MH17 plane crash: Investigators charge three Russians and Ukrainian
International investigators have charged three Russians and a Ukrainian in connection with the 2014 MH17 plane crash incident.
The Malaysian Airlines plane was shot down in July that year, killing the 298 people on board.
Read more: Dutch investigators confirm Buk missile brought down Malaysian Airlines plane
Investigators said they plan to start a trial in the Netherlands in March next year.
Dutch police today named suspects Igor Girkin, Sergey Dubinskiy, Oleg Pulatov and Leonid Kharchenko.
They have issued an international arrest warrant and believe Ukrainian suspect, Kharchenko, is still in the country.
However, he is in eastern Ukraine, where Kiev has no authority, police said.
This means the suspects are likely to be tried in absentia as Russia has not been cooperating with the investigation.
Russia said it does not trust the investigation into the MH17 plane crash.
“Russia was unable to take part in the investigation despite expressing an interest right from the start and trying to join it,” Kremlin spokesman Dmitry Peskov told reporters on Wednesday.
Girkin, 48, is a former colonel in the FSB, Russia’s security service. Dubinskiy was part of Russian military intelligence GRU, which also spawned the two would-be assassins who spread the Novichok poison in Salisbury.

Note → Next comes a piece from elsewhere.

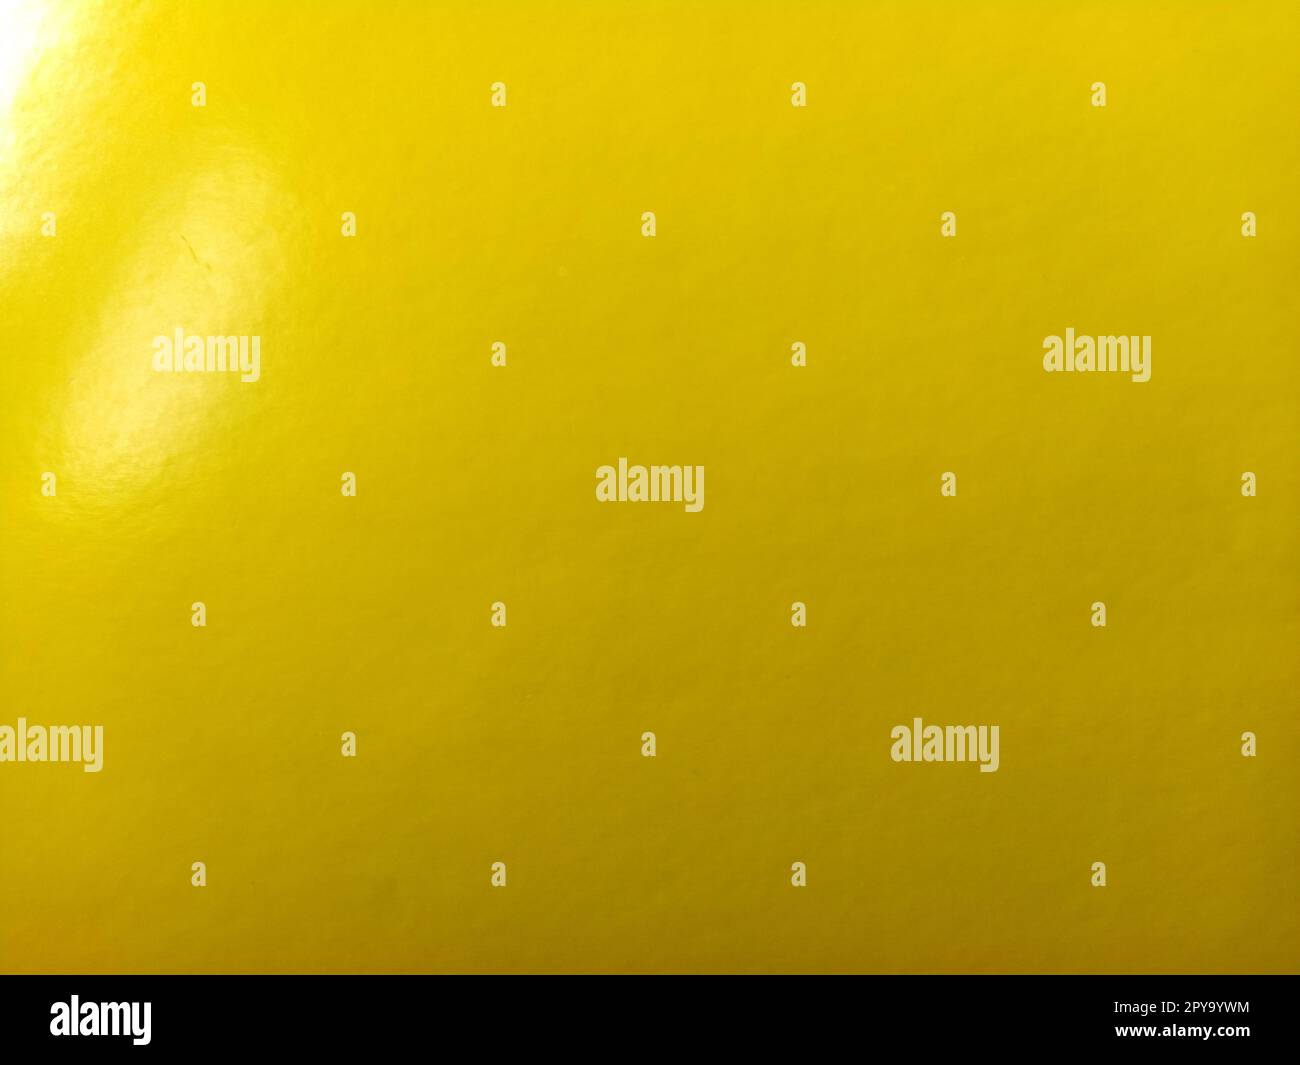 Beautiful bright yellow background. Close-up sheet of shiny reflective incident light paper. Pure fun color. Intense shade of yellow, close to gold or sunny with high reflectivity. Stock Photo

Pulatov was a former special forces Spetsnaz soldier, while Kharchenko, who has no military background, led a combat unit in the Donetsk region of Ukraine in July 2014.
Read more: Fragments of Russian missile system found at MH17 crash site
Investigators said that Girkin, who was at the time the so-called minister of defence for the self-proclaimed Donetsk government. He had direct contact with the Russian Federation, they said.
Their actions “led to the shooting of Flight MH17,” investigators said.